WHAT YOU HAVE TO DO |
From start to end, write out the following data exactly, apart from its images.

-- GIVEN MATERIAL follows --

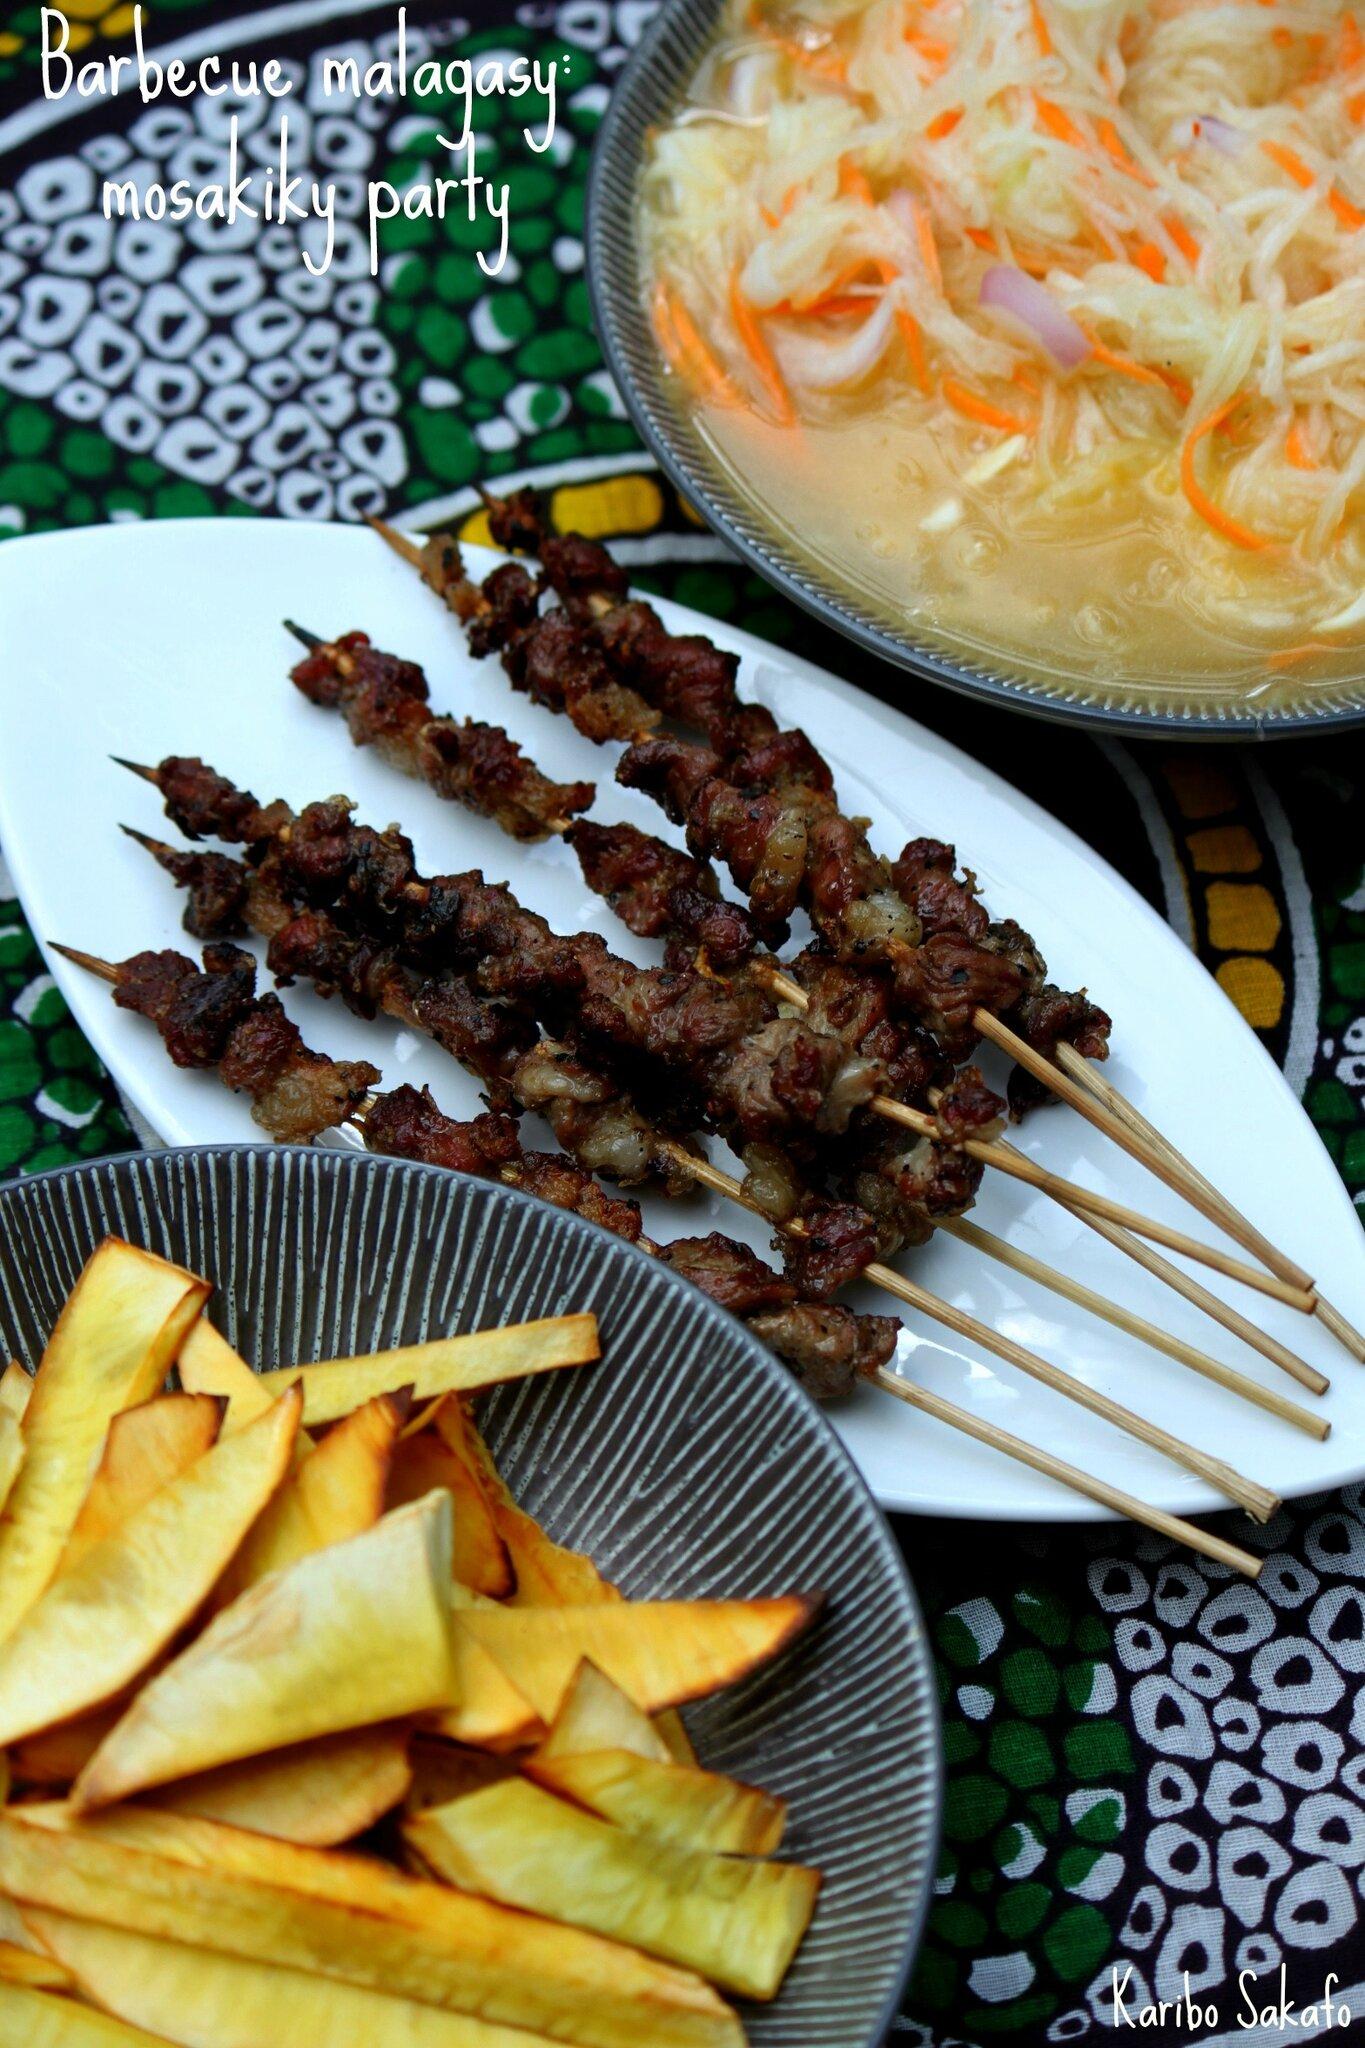 Barbecue malagasy: mosakiky party
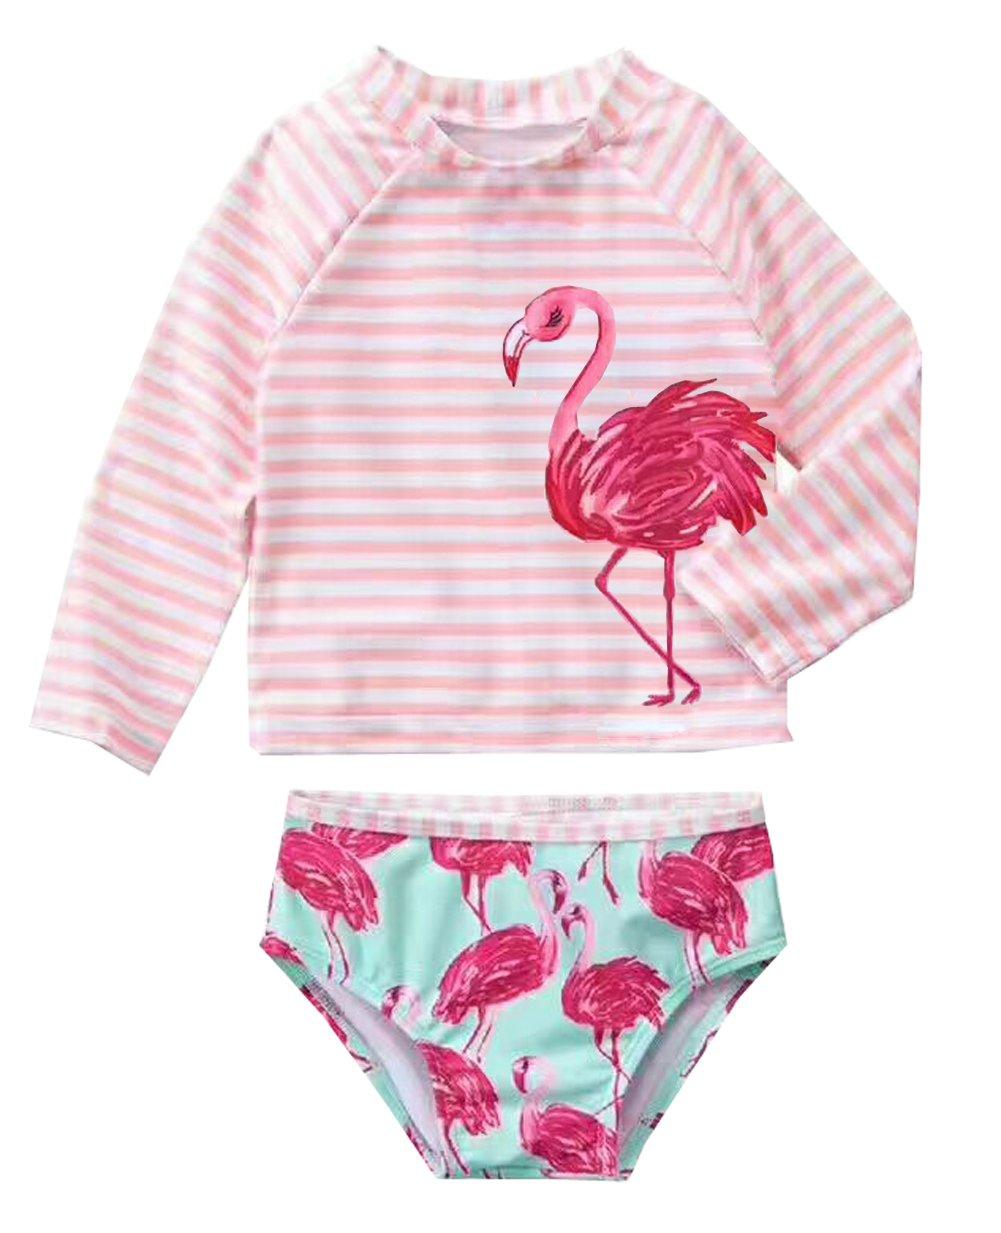 Baby Little Girls Swimwear Fish Swimsuit Tankinis Two Piece Rash Guard Set
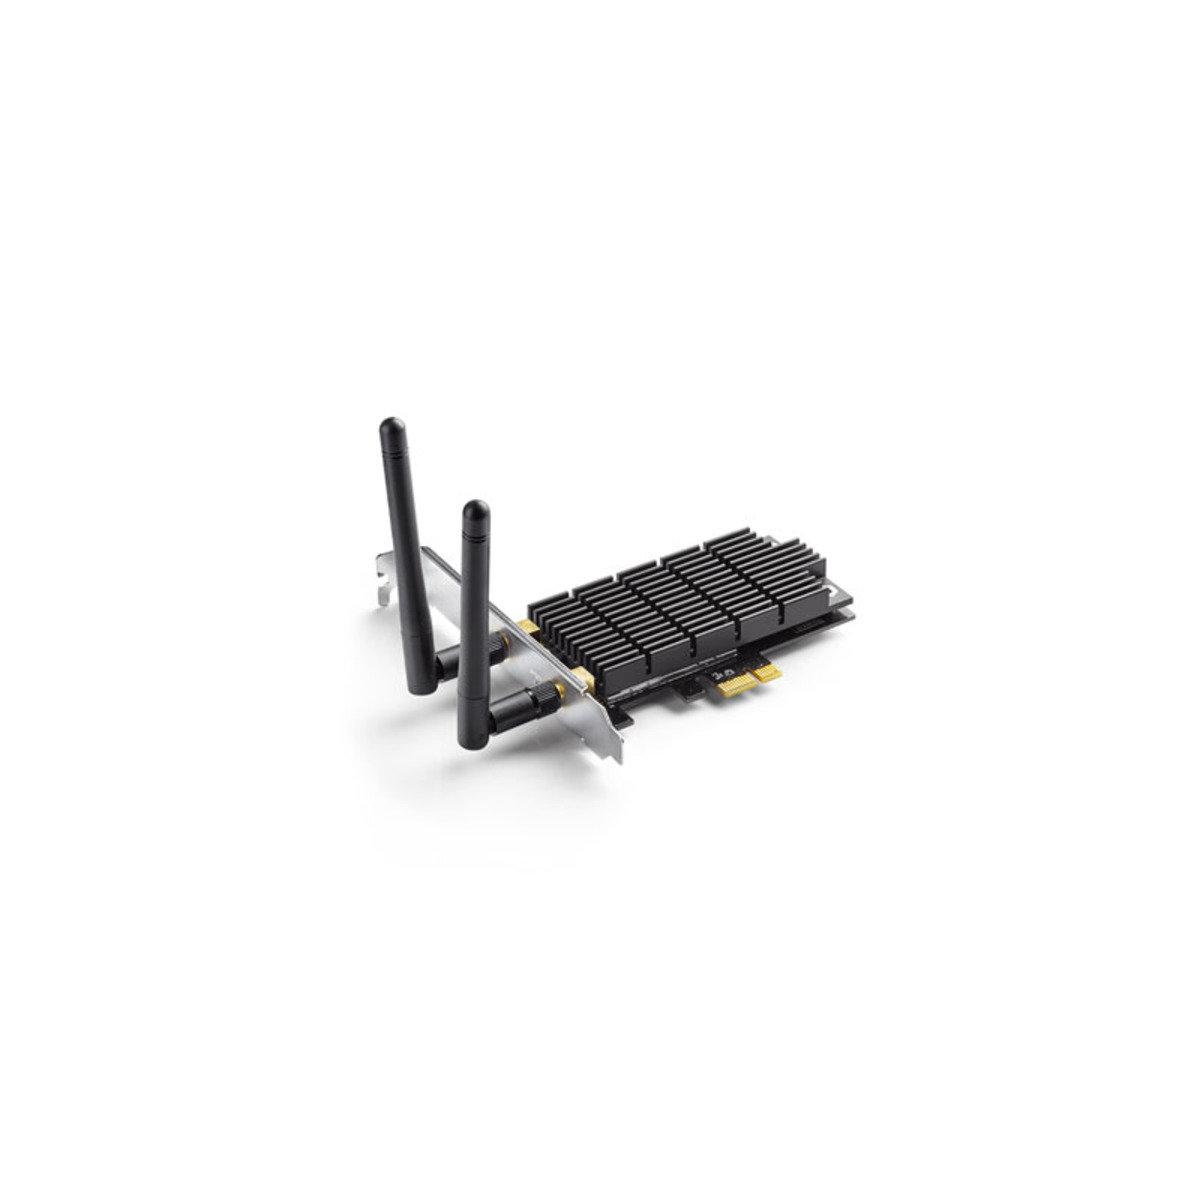 AC1300 無線雙頻PC內置高效能接收卡 T6E

-- GIVEN MATERIAL concluded --

RESULT OF THE TASK |
 Barbecue malagasy: mosakiky party
 Baby Little Girls Swimwear Fish Swimsuit Tankinis Two Piece Rash Guard Set
 AC1300 無線雙頻PC內置高效能接收卡 T6E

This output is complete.